SUPPLIED MATERIAL
.....

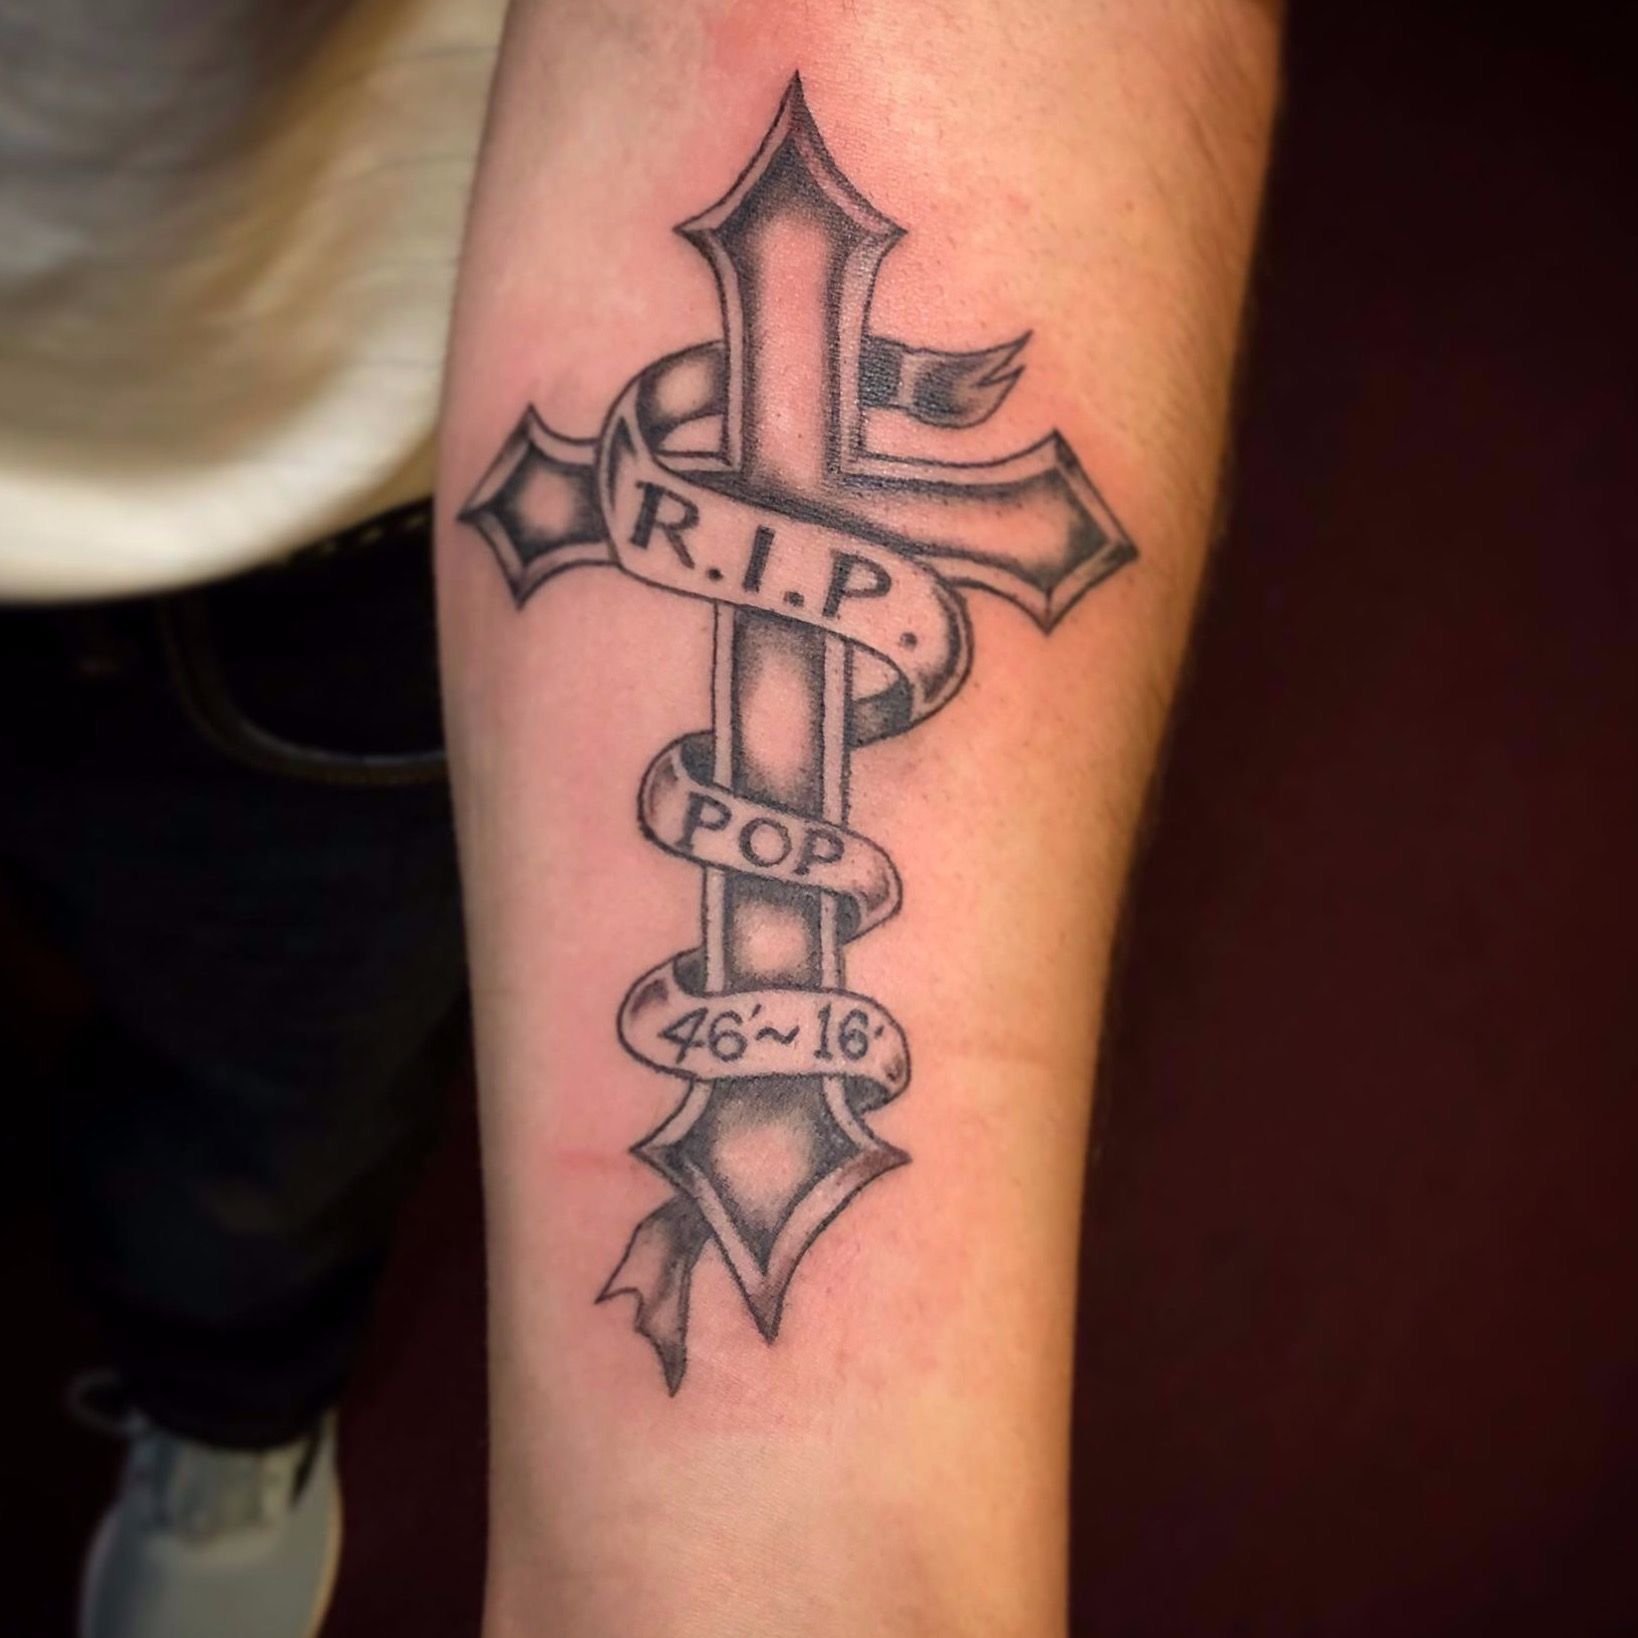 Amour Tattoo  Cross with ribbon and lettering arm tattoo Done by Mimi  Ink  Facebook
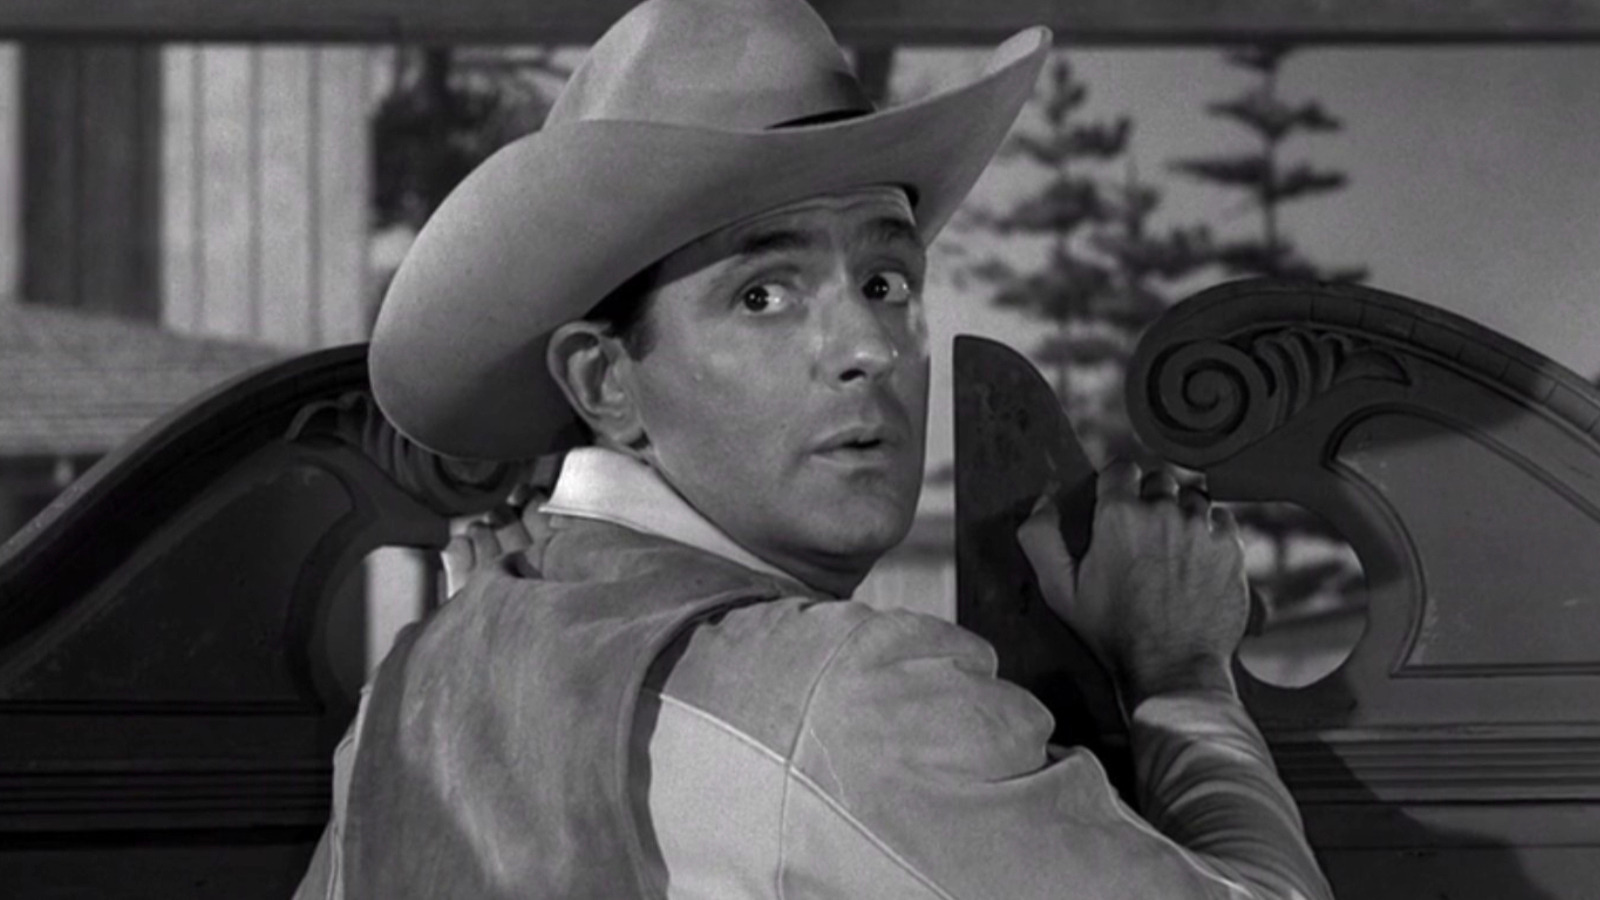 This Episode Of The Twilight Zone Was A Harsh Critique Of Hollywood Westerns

.....

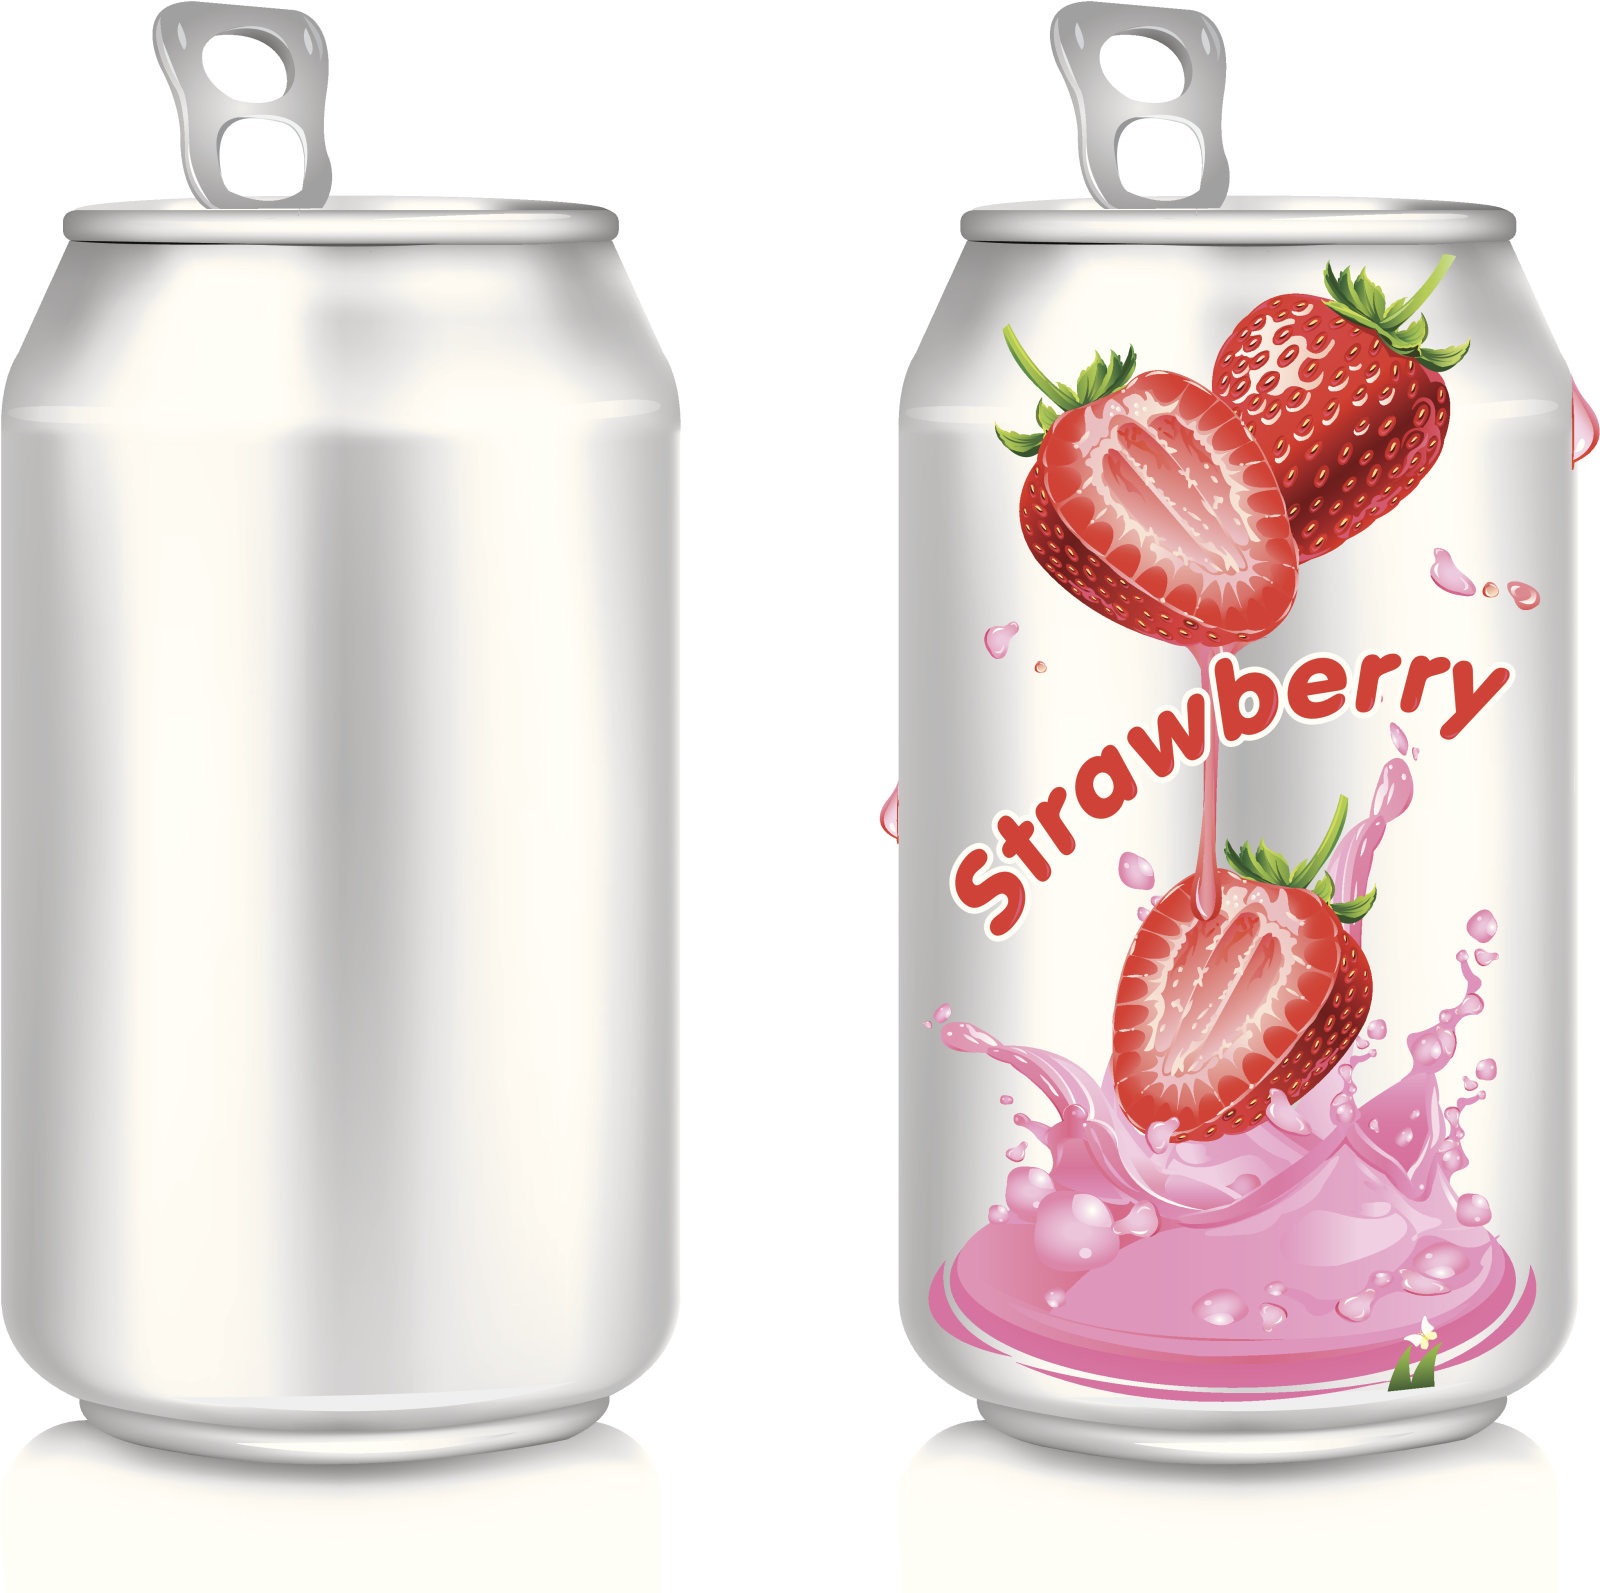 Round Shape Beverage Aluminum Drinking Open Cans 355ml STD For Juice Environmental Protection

.....

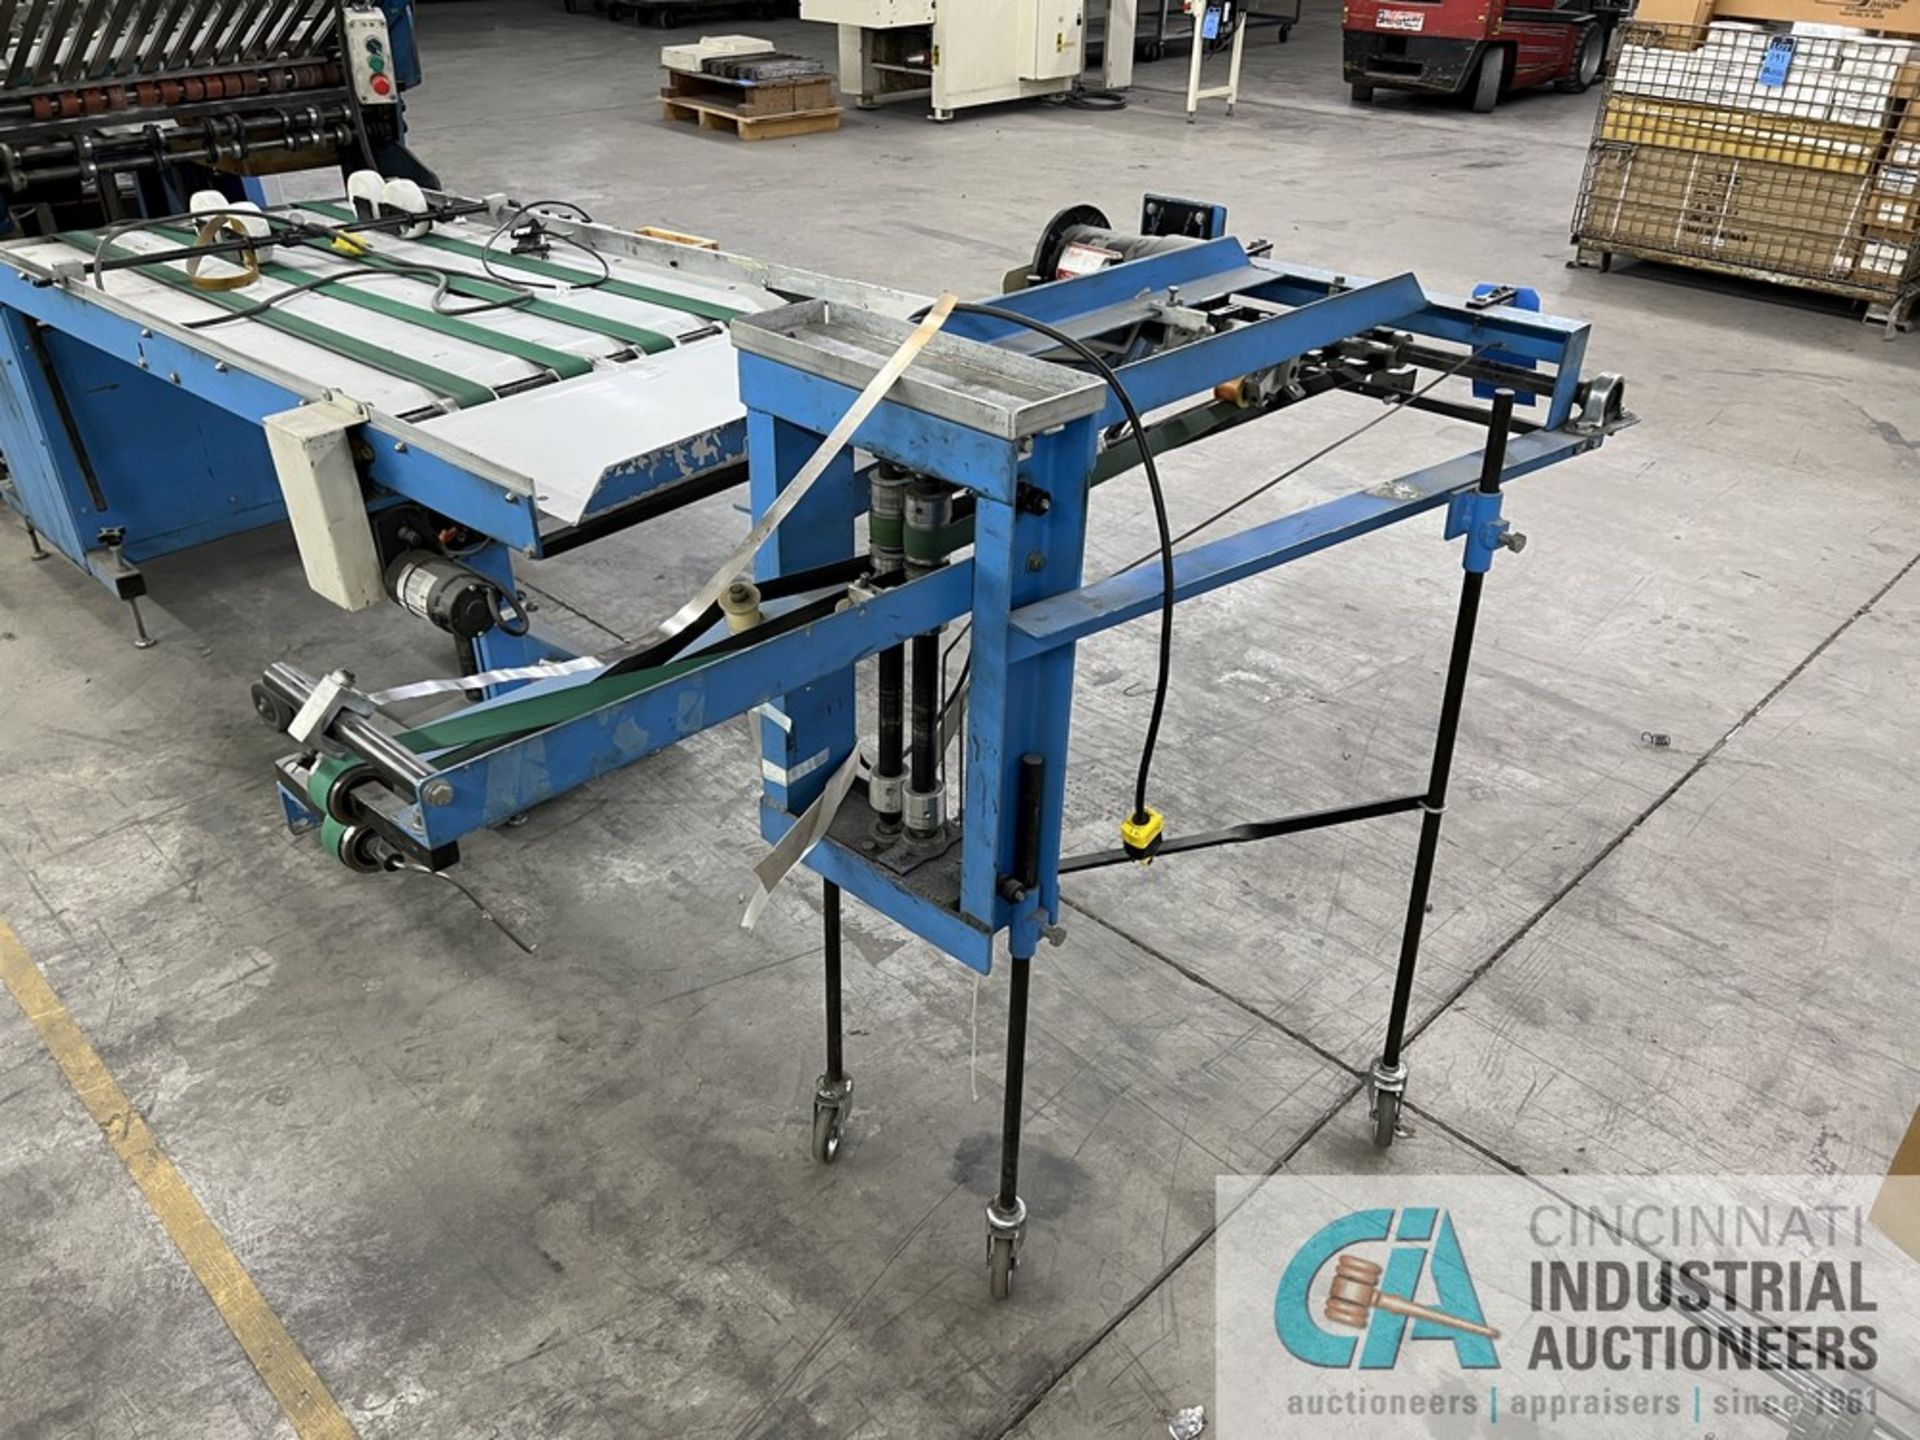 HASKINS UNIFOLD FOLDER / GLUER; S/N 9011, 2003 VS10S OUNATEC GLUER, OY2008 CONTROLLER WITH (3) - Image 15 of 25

.....

In the listing above, find the line containing "Cross with ribbon" and the line containing "This Episode Of", then write out both of them and every line between, exactly, with no pictures.

ANSWER SPACE
 Amour Tattoo  Cross with ribbon and lettering arm tattoo Done by Mimi  Ink  Facebook
 This Episode Of The Twilight Zone Was A Harsh Critique Of Hollywood Westerns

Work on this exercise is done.